When Mr Chaffanbrass left the prison he walked back with Mr Wickerby to the attorney’s chambers in Hatton Garden, and he lingered for awhile on the Viaduct expressing his opinion of his client. “He’s not a bad fellow, Wickerby.”

“A very good sort of fellow, Mr Chaffanbrass.”

“I never did — and I never will — express an opinion of my own as to the guilt or innocence of a client till after the trial is over.
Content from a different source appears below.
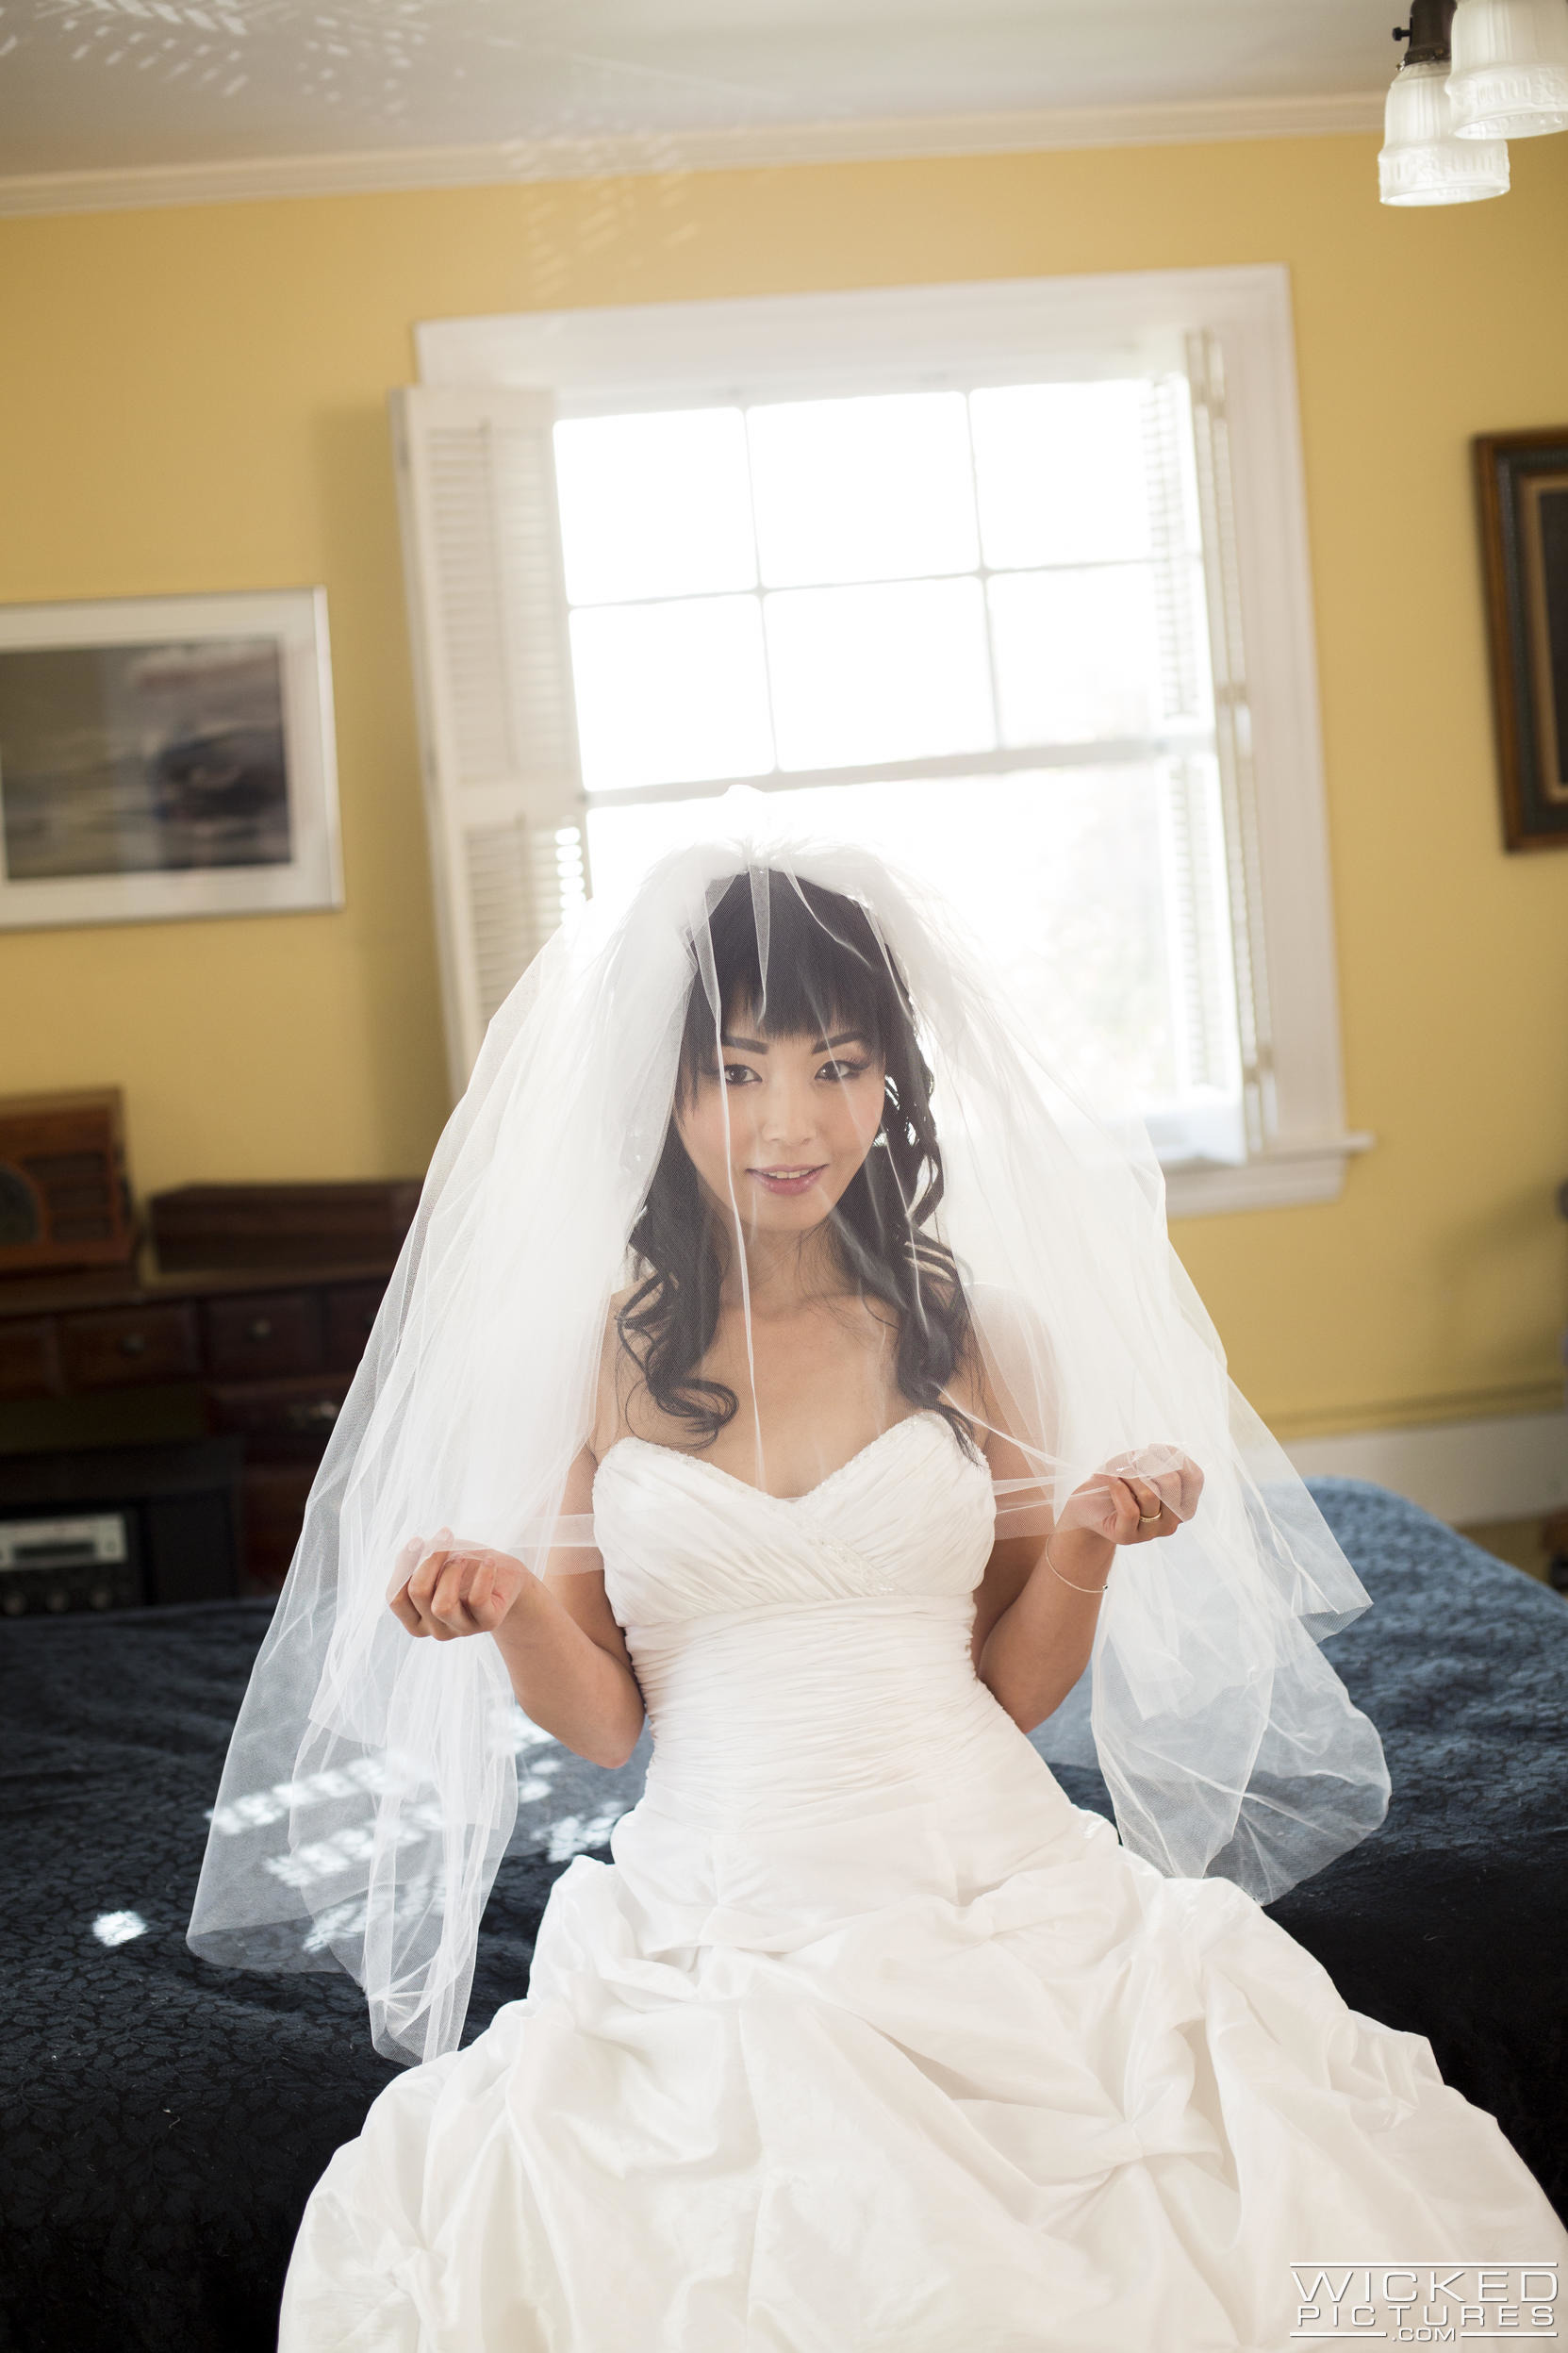 1663px x 2495px - Shaved Asian Bride Marica Hase Wearing Wedding Ring Giving Blowjob - Image  Gallery #281874

But I have sometimes felt as though I would give the blood out of my veins to save a man. I never felt in that way more strongly than I do now.”

“It’ll make me very unhappy, I know, if it goes against him,” said Mr Wickerby.

“People think that the special branch of the profession into which I have chanced to fall is a very low one — and I do not know whether, if the world were before me again, I would allow myself to drift into an exclusive practice in criminal courts.”

“Yours has been a very useful life, Mr Chaffanbrass.”

“But I often feel”, continued the barrister, paying no attention to the attorney’s last remark, “that my work touches the heart more nearly than does that of gentlemen who have to deal with matters of property and of high social claims. People think I am savage — savage to witnesses.”

“You can frighten a witness, Mr Chaffanbrass.”

“It’s just the trick of the trade that you learn, as a girl learns the notes of her piano. There’s nothing in it. You forget it all the next hour. But when a man has been hung whom you have striven to save, you do remember that. Good-morning, Mr Wickerby. I’ll be there a little before ten. Perhaps you may have to speak to me.”